LRD guides and handbook May 2019

Law at Work 2019 - the trade union guide to employment law

Chapter 7

Defence to indirect discrimination 





[ch 7: pages 230-231]

An employer can defeat a claim for indirect discrimination by showing that the PCP is a proportionate means of achieving a genuine and legitimate aim. “Legitimate aim” is not defined. Instead, each case depends on its own facts. 



The tribunal’s job is to carefully scrutinise both the employer’s aim and the means chosen to achieve it, and to check that there were no less discriminatory ways of achieving the aim. The tribunal must carry out this scrutinising role even if the employer is the state , for example, a government department. The test is objective. In other words, it is based on the tribunal’s own assessment, not the employer’s subjective opinion (Hardys and Hansons plc v Lax [2005] EWCA Civ 846). The tribunal conducts a balancing exercise, weighing the interests of those who are disadvantaged against the employer’s need to achieve the aim. The more severe the negative impact on the disadvantaged group, the harder it will be for the employer to justify the policy. The existence of practical alternatives is important when deciding whether a chosen policy was proportionate (Kapenova v Department of Health [2013] UKEAT 0142/13/1404). A discriminatory policy must go no further than necessary to achieve the aim. 





An employer’s desire to make more money cannot be a justification on its own for discrimination (O’Brien v Ministry of Justice [2013] UKSC 6). However, the line is not always clear. It is legitimate for a business to make its own decisions about allocating resources, as long as these are proportionate and evidence-based (HM Land Registry v Benson [2011] UKEAT 0197/11/1002) and to want to safeguard its future financial viability (Braithwaite v HCL BPO Insurance Services Limited [2015] UKEAT/0152/14/DM). 
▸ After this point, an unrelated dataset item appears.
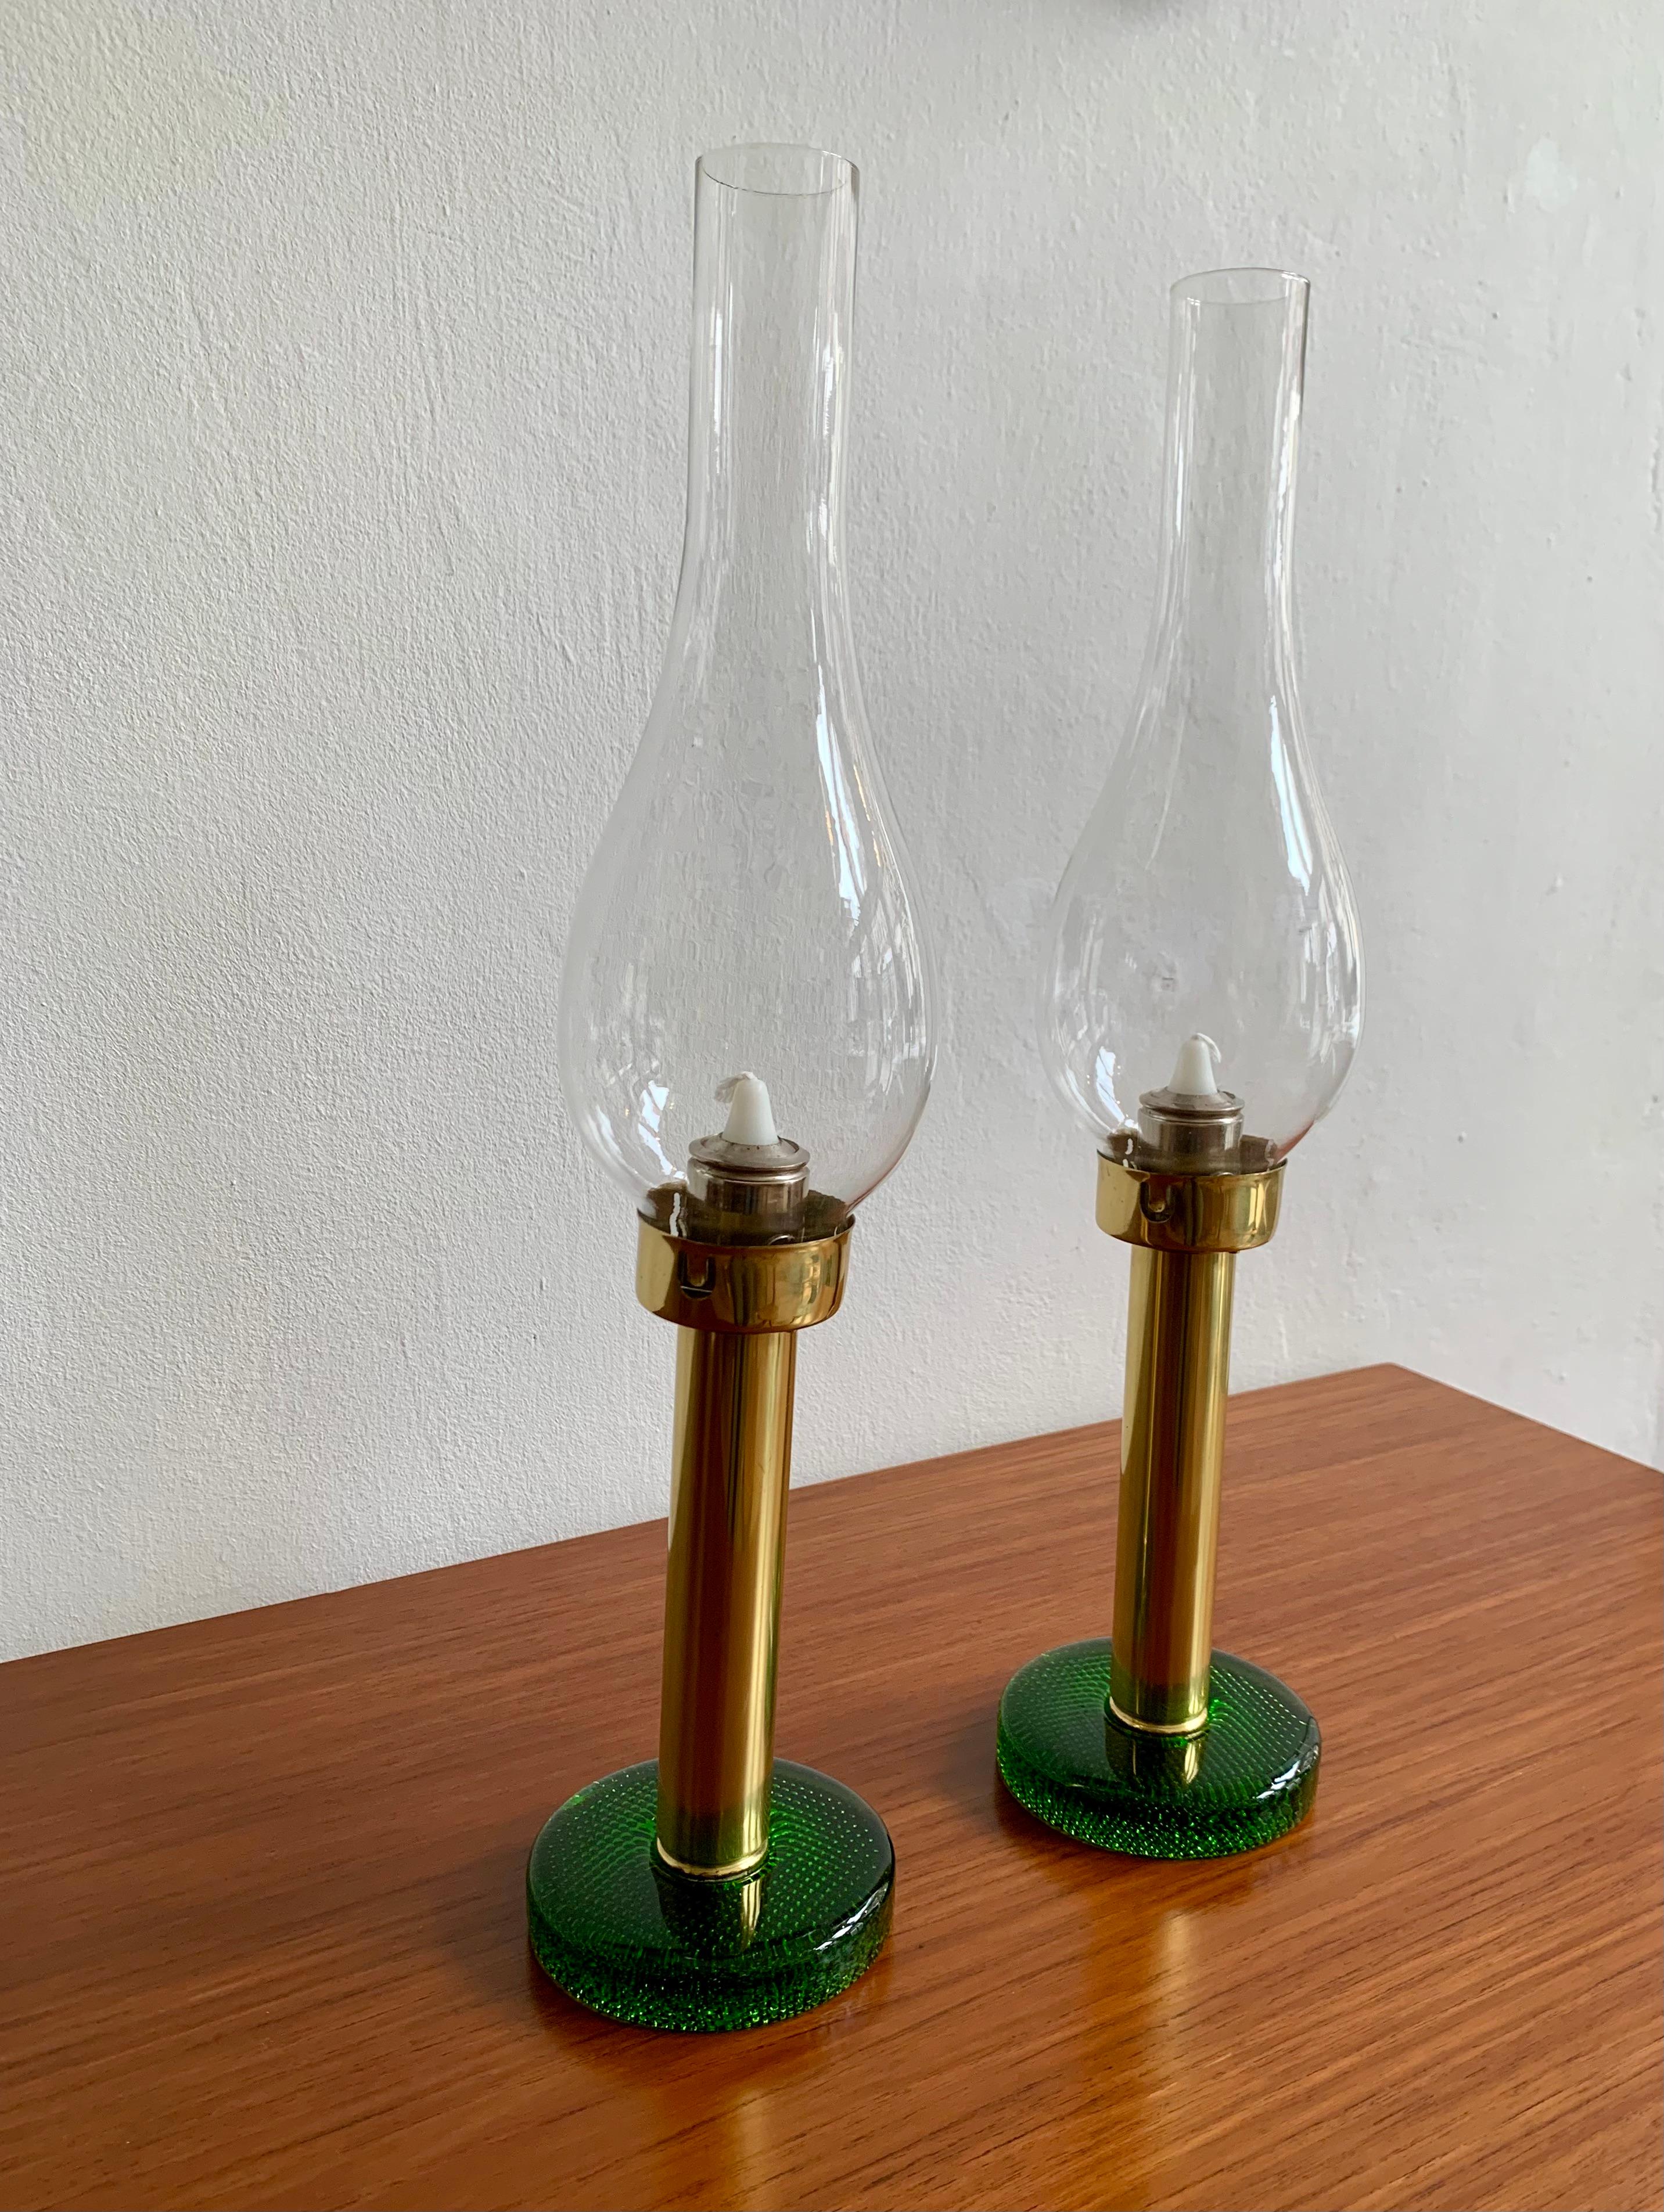 Brass Hurricane Candle Holder by Hans Agne Jakobsson - Pair Available  1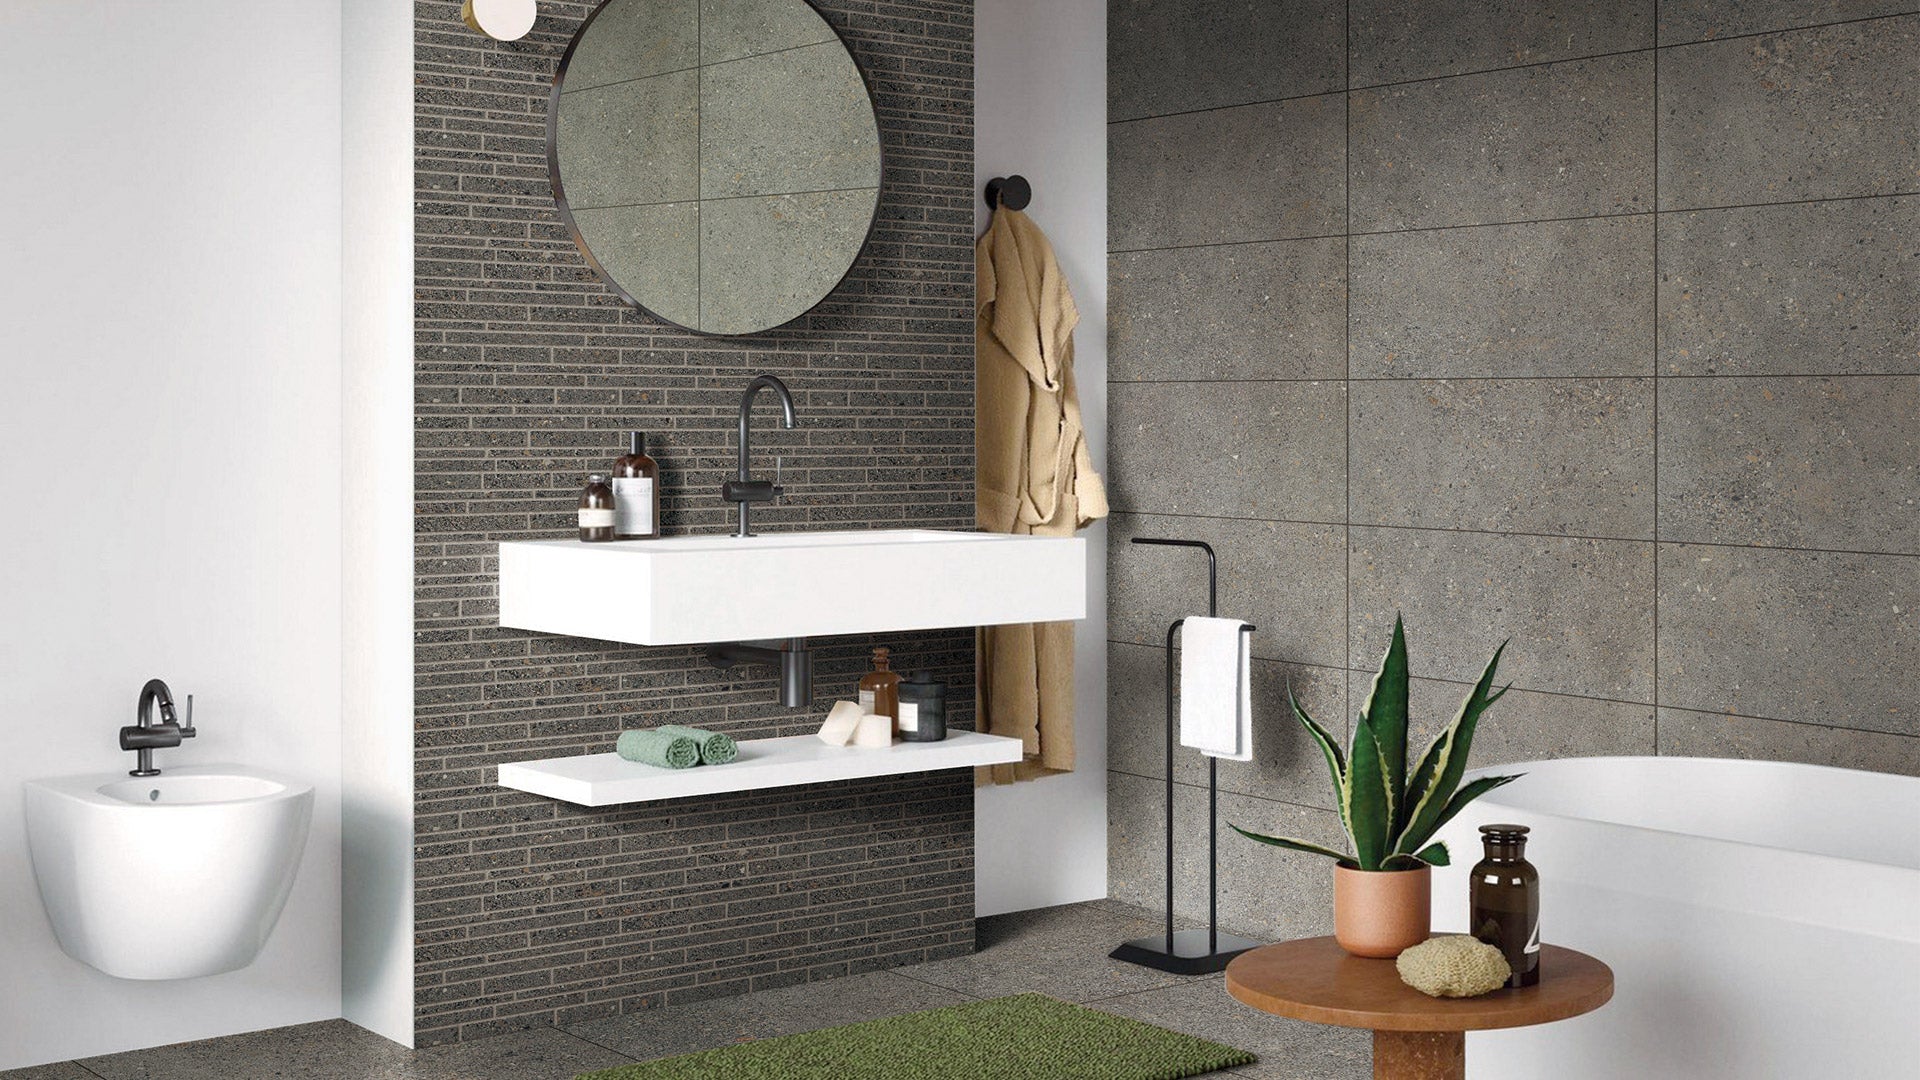 How to Match Different Tile Finishes and Formats

Law prohibiting indirect discrimination can be a powerful tool for unions in the fight for equality at work. A rule or practice is more likely to be considered proportionate if it results from consultation with the workforce or negotiation with a trade union where one is recognised (Loxley v BAE Systems (Munitions & Ordinance) Limited [2008] ICR 1348). 


On its own, the need for good industrial relations cannot justify indirect discrimination (Kenny v Ministry of Justice [2012] EUECJ C-427/11).